> WHAT TO WORK ON
Look through the data below and output, unchanged, every line from the one holding "Dorothy Perkins Mid" through the one holding "Mountains rise above", inclusive. Skip the pictures.

> DATA SHOWN
● ● ● ● ●
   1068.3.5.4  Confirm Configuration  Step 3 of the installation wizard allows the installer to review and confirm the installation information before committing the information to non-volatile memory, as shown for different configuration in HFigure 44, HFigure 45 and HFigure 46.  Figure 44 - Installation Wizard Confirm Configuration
● ● ● ● ●
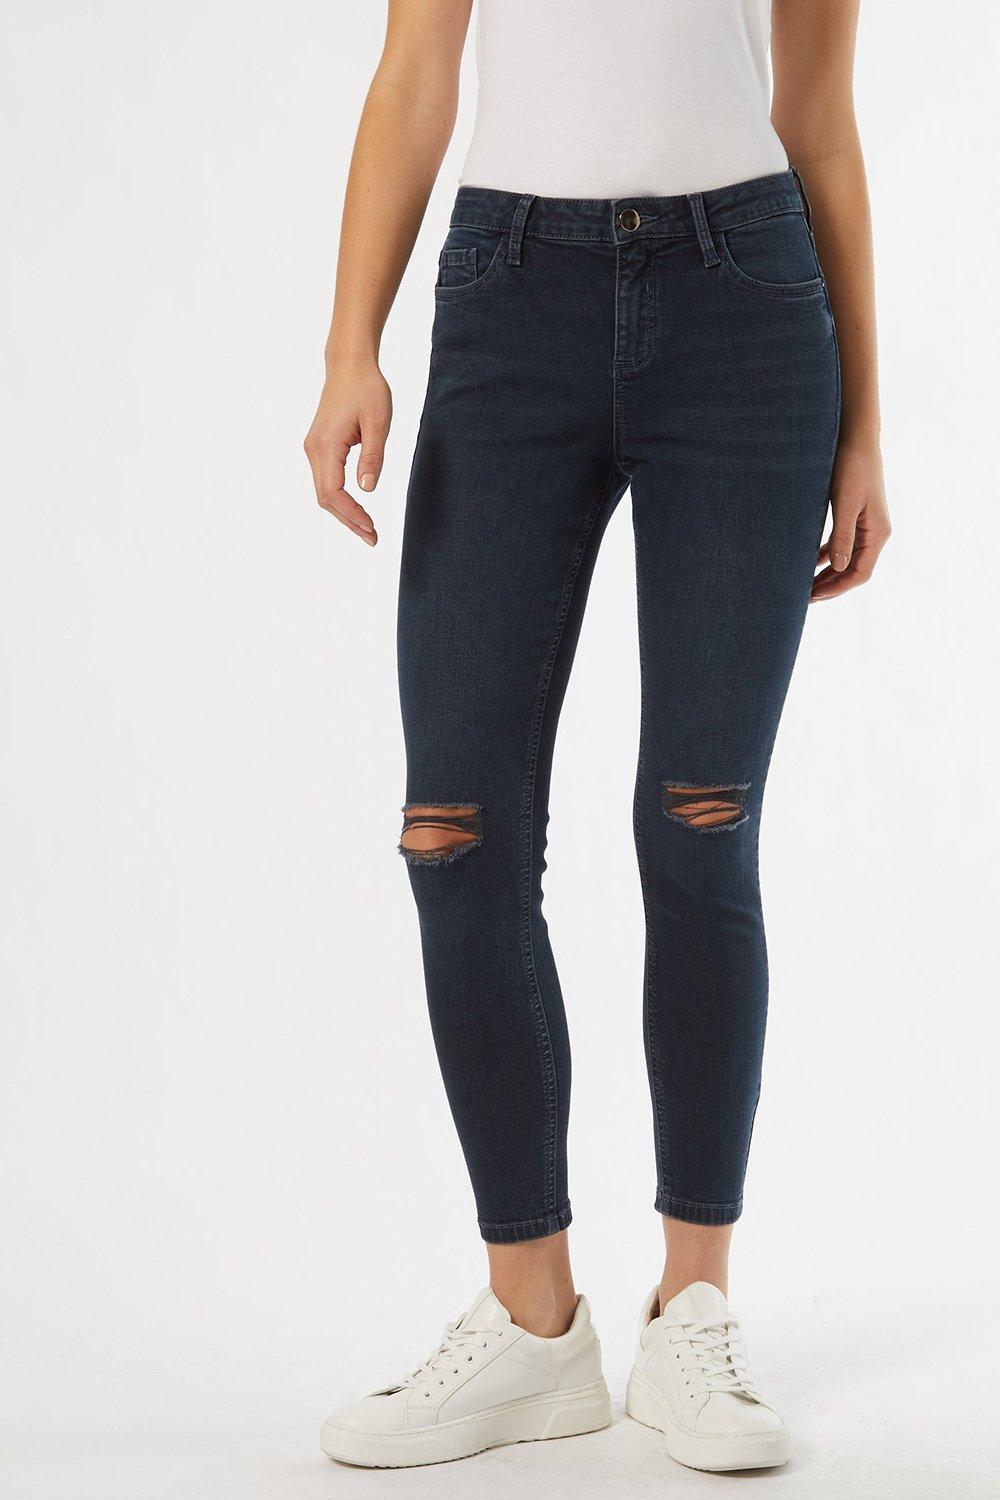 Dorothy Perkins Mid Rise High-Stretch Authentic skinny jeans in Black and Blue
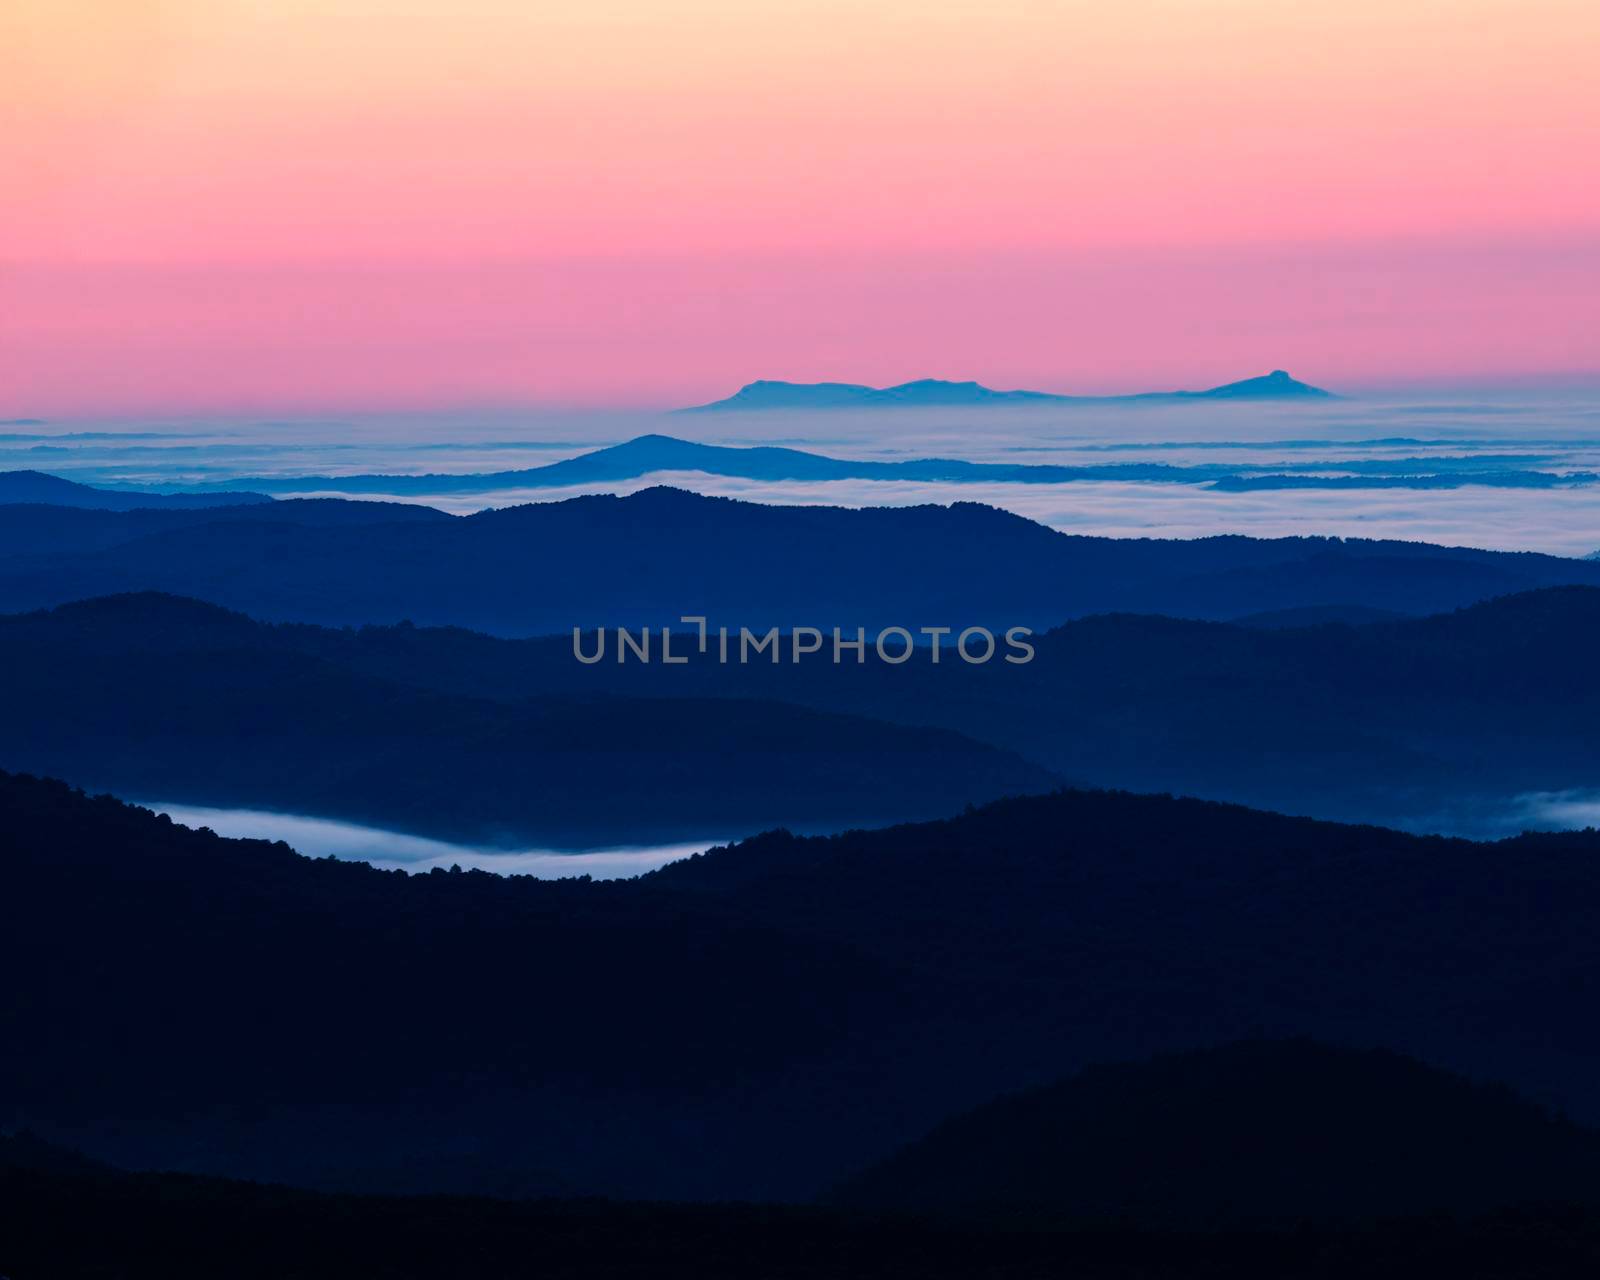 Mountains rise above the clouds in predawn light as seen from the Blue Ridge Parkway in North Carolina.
● ● ● ● ●
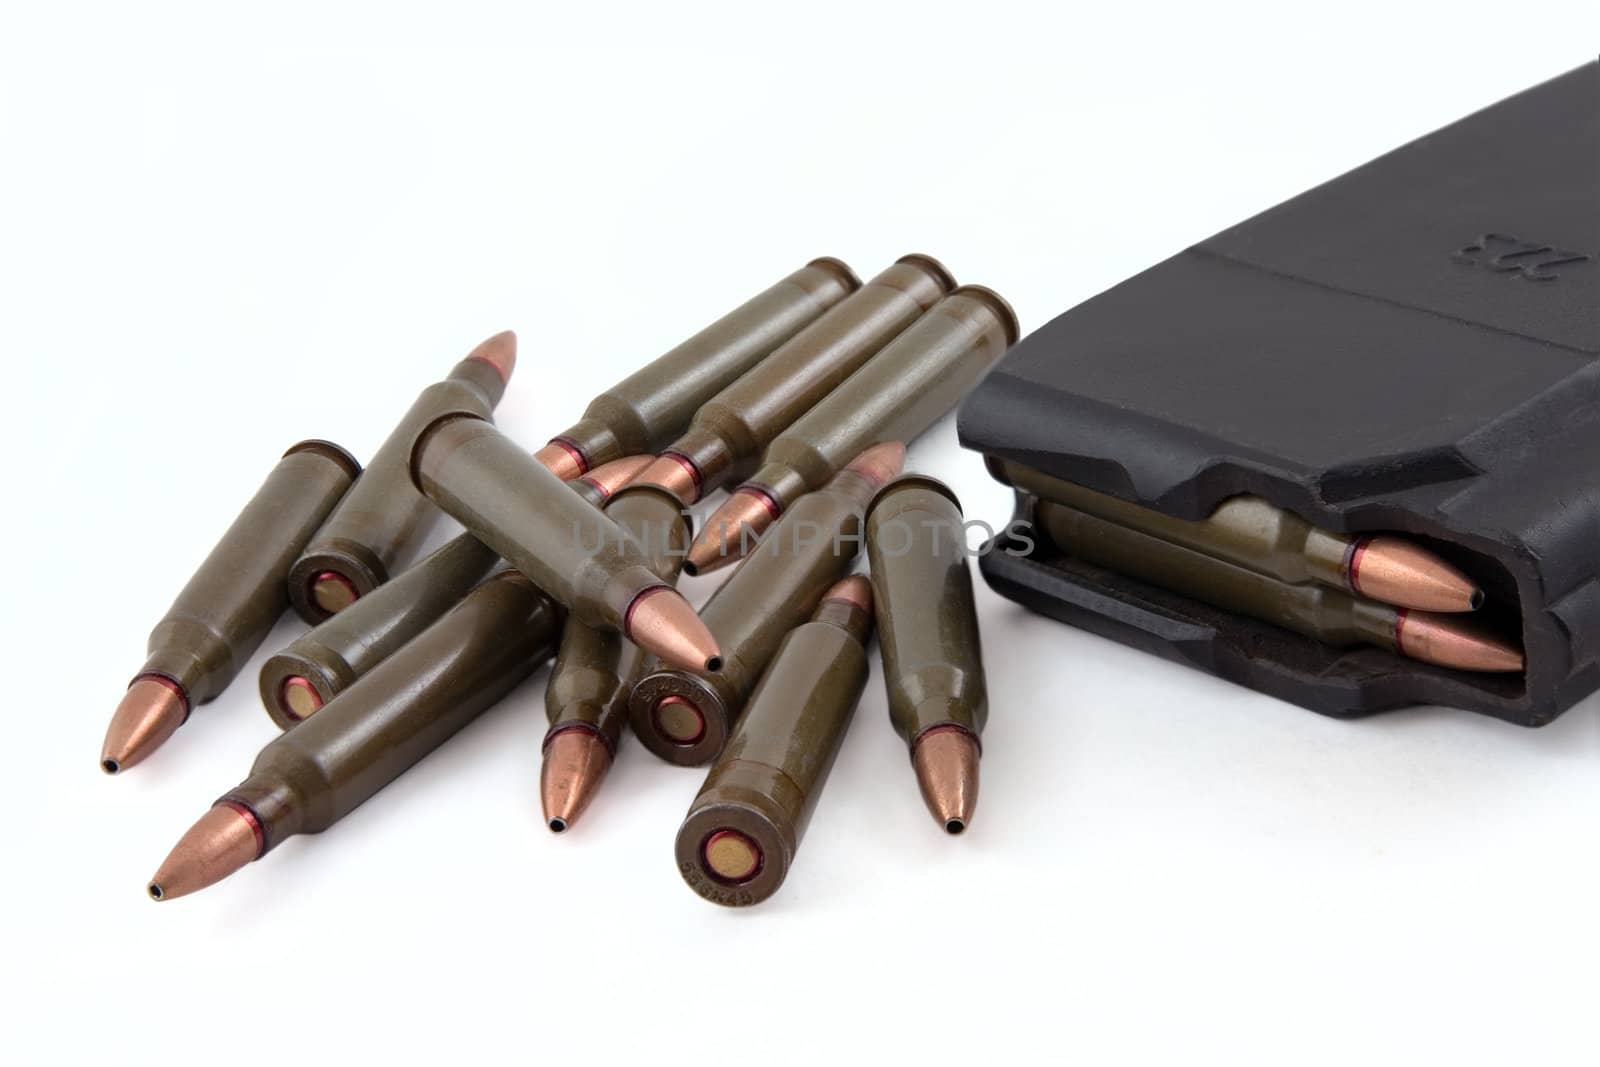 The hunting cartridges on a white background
● ● ● ● ●
> ANSWER SECTION
 Dorothy Perkins Mid Rise High-Stretch Authentic skinny jeans in Black and Blue
 Mountains rise above the clouds in predawn light as seen from the Blue Ridge Parkway in North Carolina.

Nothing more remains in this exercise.